# Required work
All pictures are to be dropped, and everything else in the data duplicated exactly.

# Source material
○ ○ ○ ○ ○ ○ ○
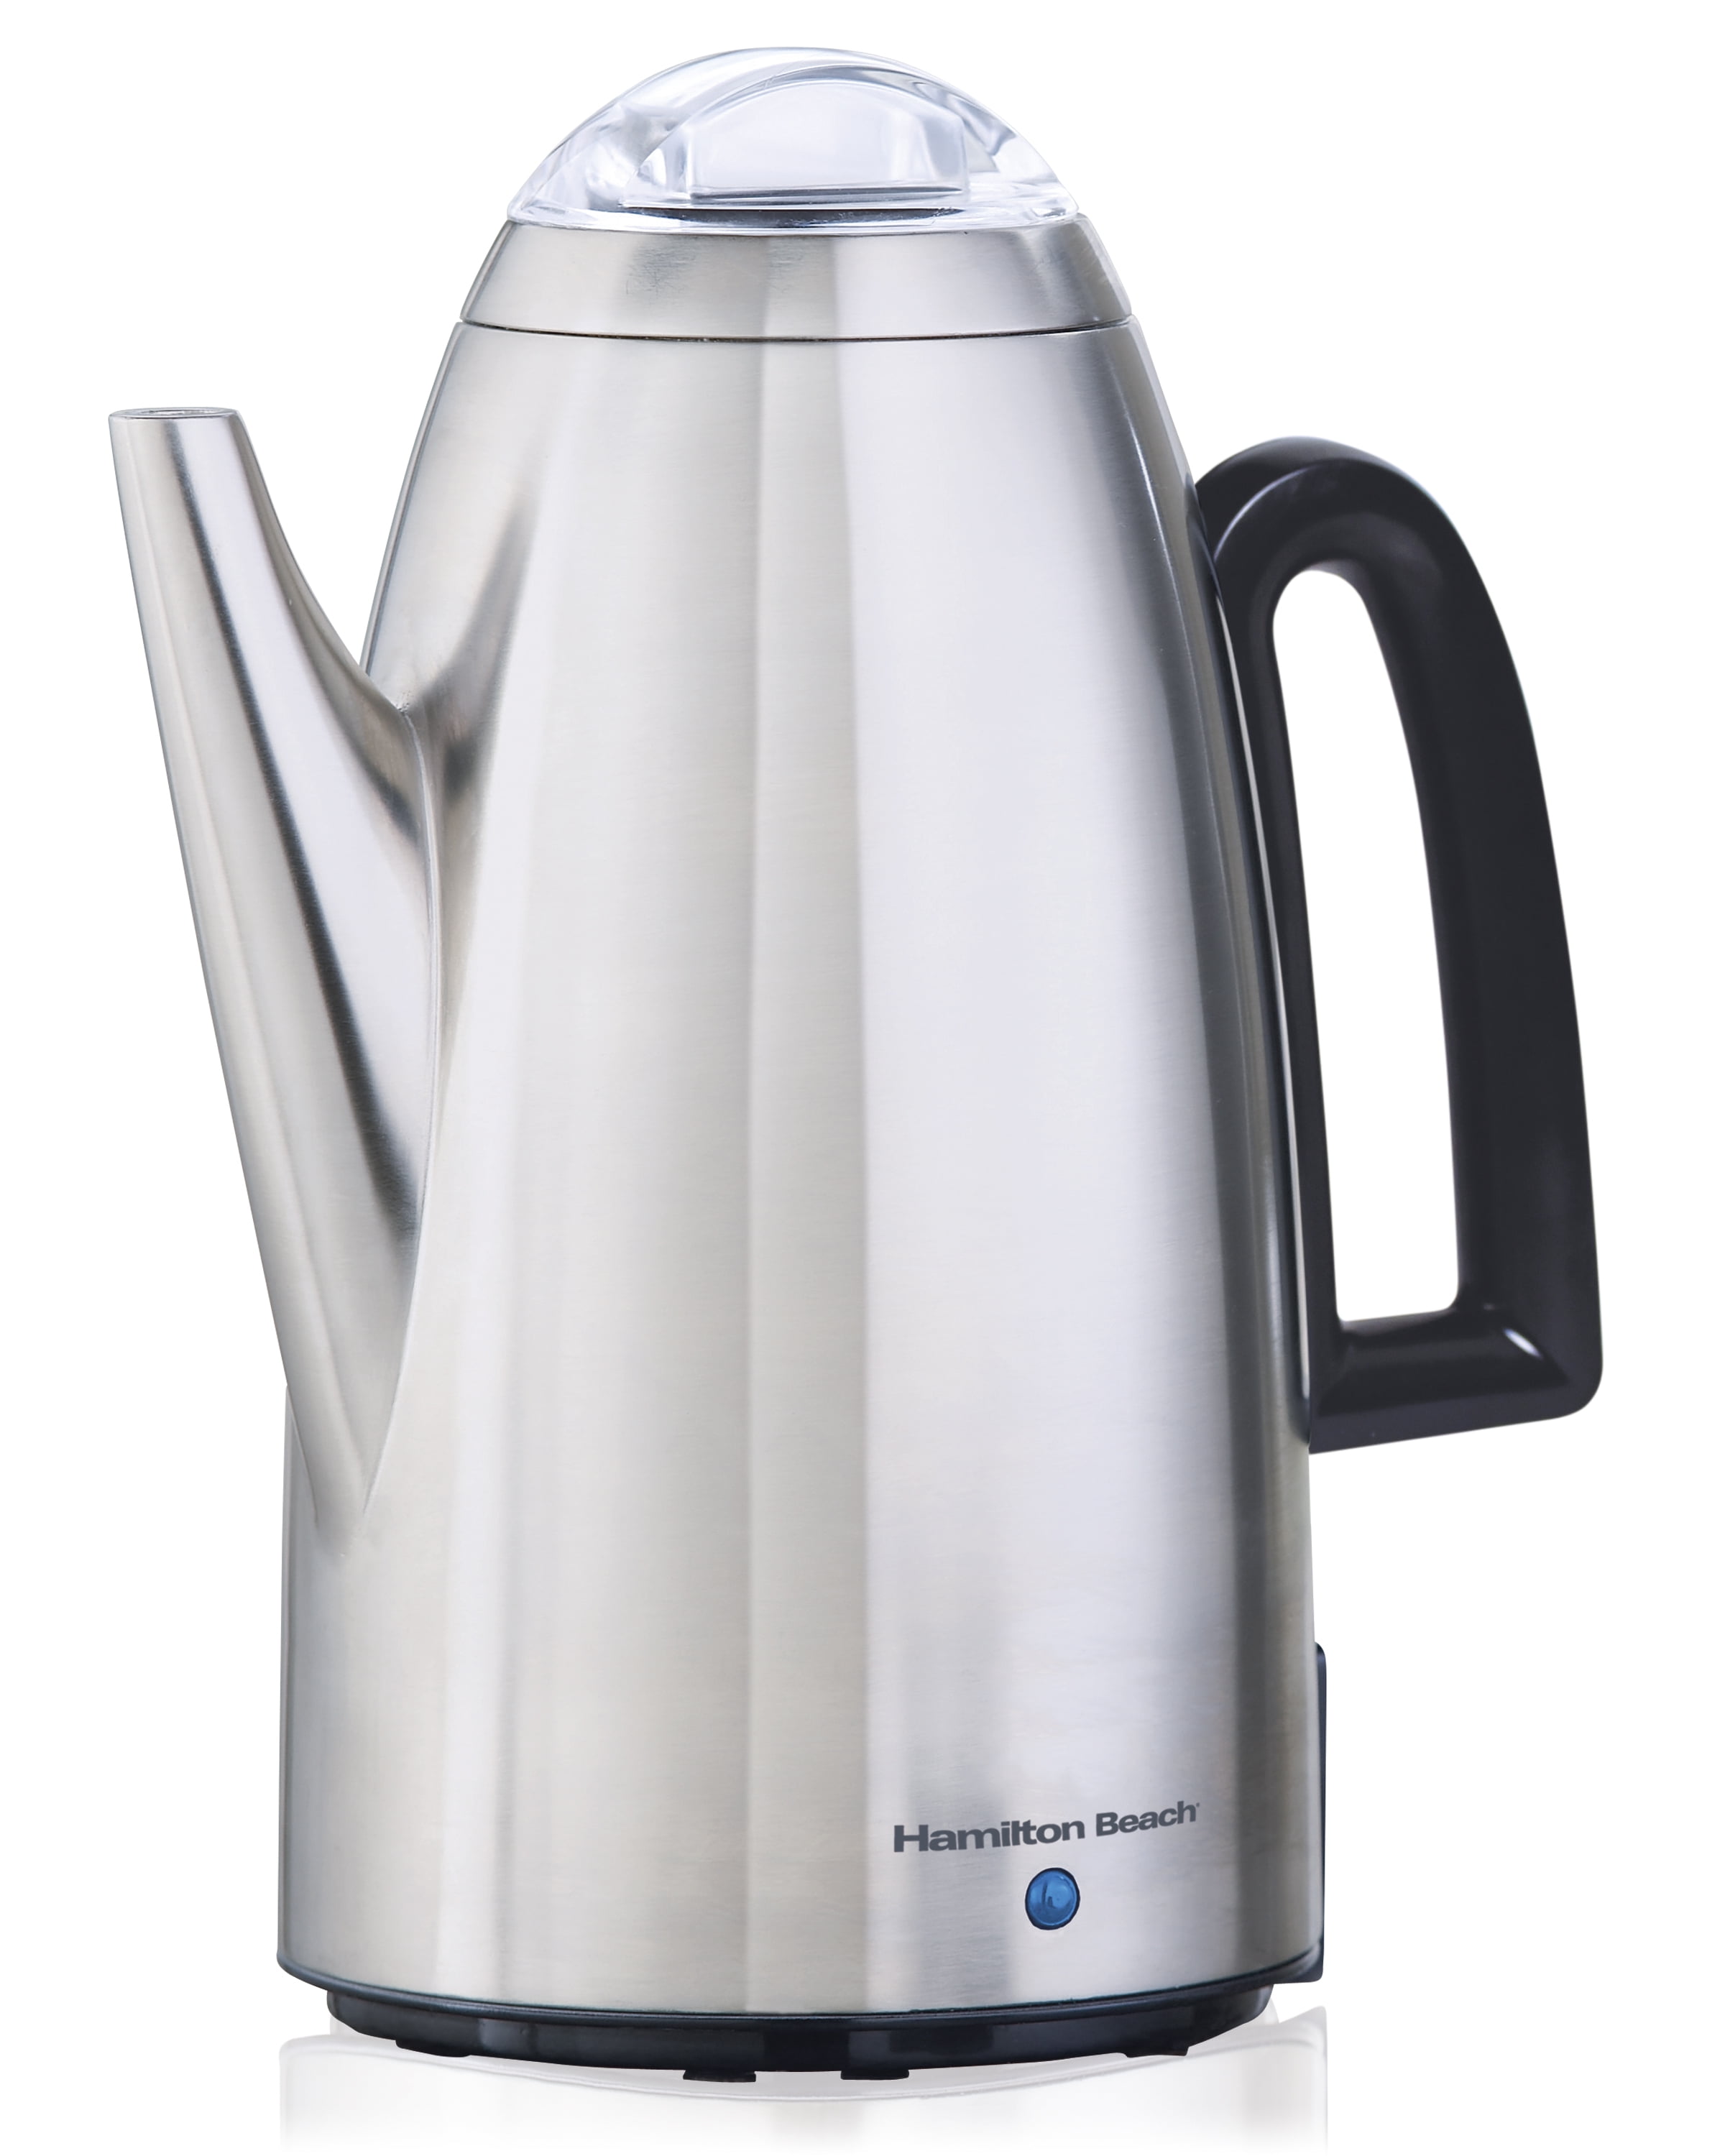 HOMOKUS Electric Coffee Percolator 12 CUPS Percolator Coffee Pot, 800W  Percolator Coffee Maker Stainless Steel with Clear Knob Cool-touch Handle
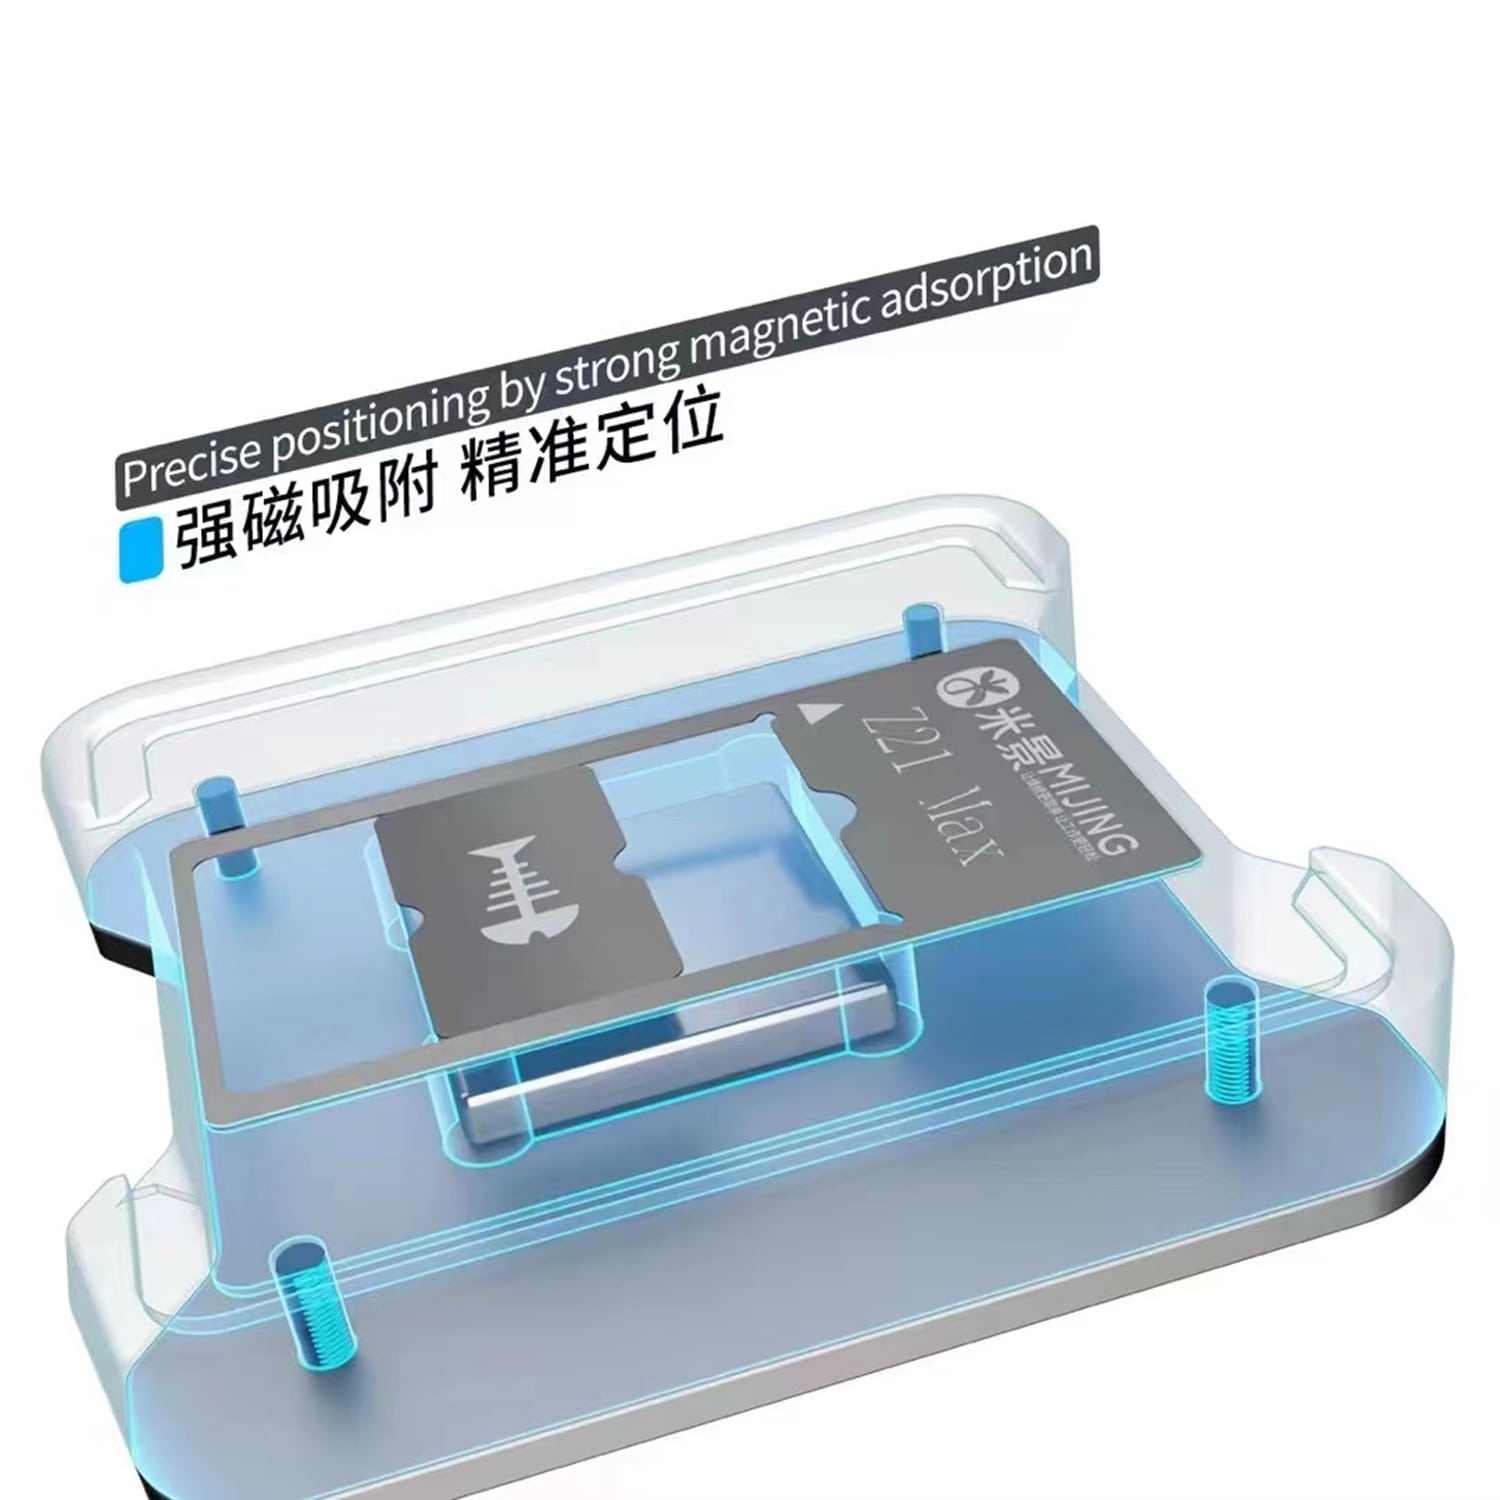 MIJING Z21 MAX CPU IC CHIP REBALLING STENCIL STATION FOR IPHONE ANDROID
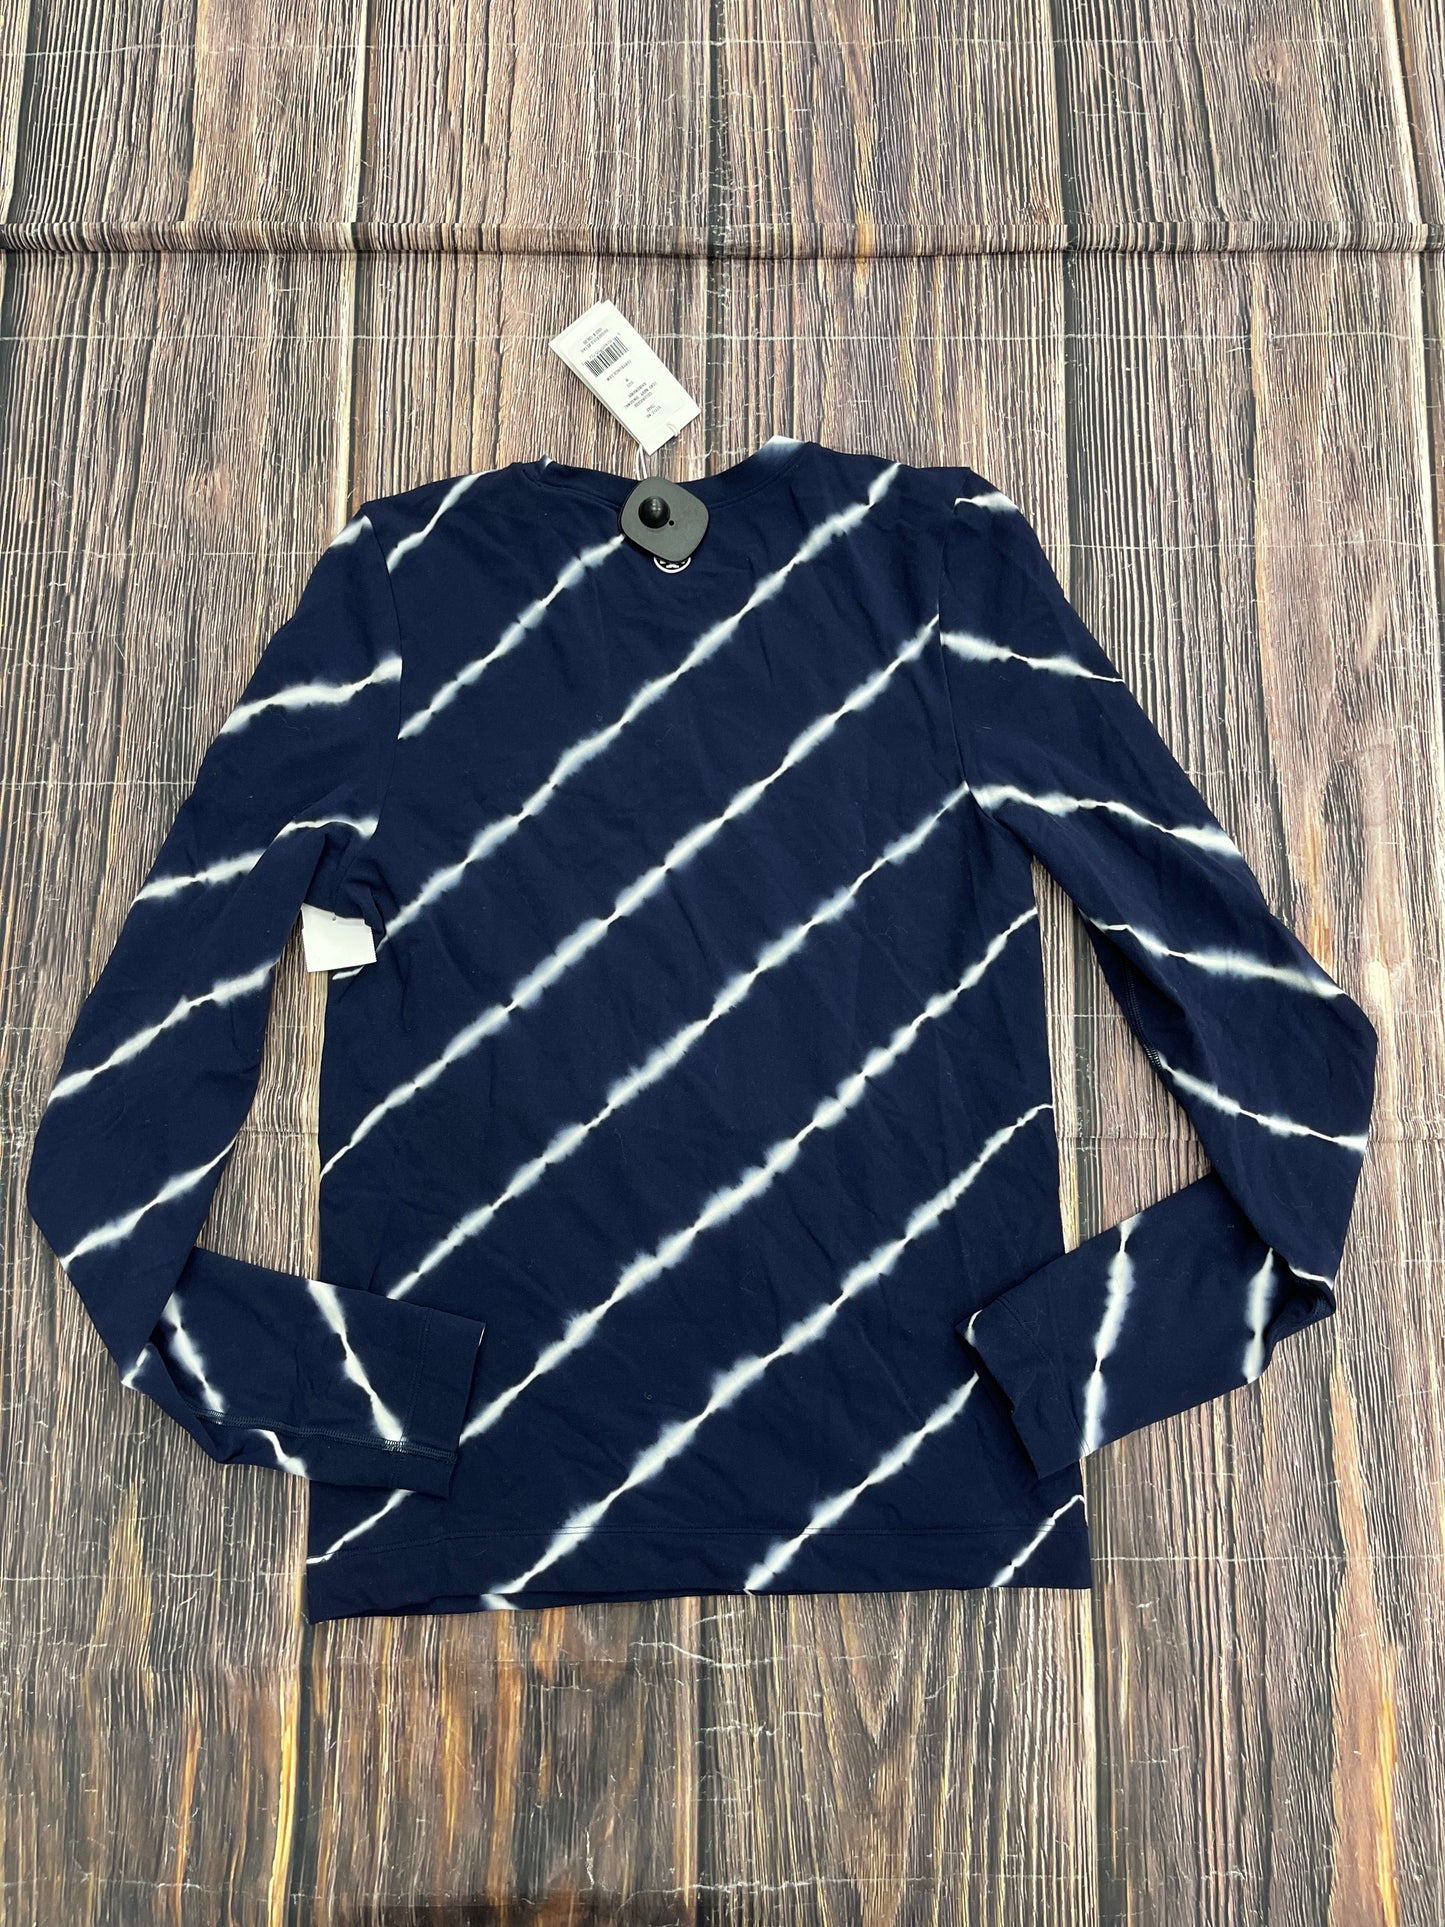 Blue Athletic Top Long Sleeve Crewneck Tory Burch, Size M
○ ○ ○ ○ ○ ○ ○
# Expected answer
 HOMOKUS Electric Coffee Percolator 12 CUPS Percolator Coffee Pot, 800W  Percolator Coffee Maker Stainless Steel with Clear Knob Cool-touch Handle
 MIJING Z21 MAX CPU IC CHIP REBALLING STENCIL STATION FOR IPHONE ANDROID
 Blue Athletic Top Long Sleeve Crewneck Tory Burch, Size M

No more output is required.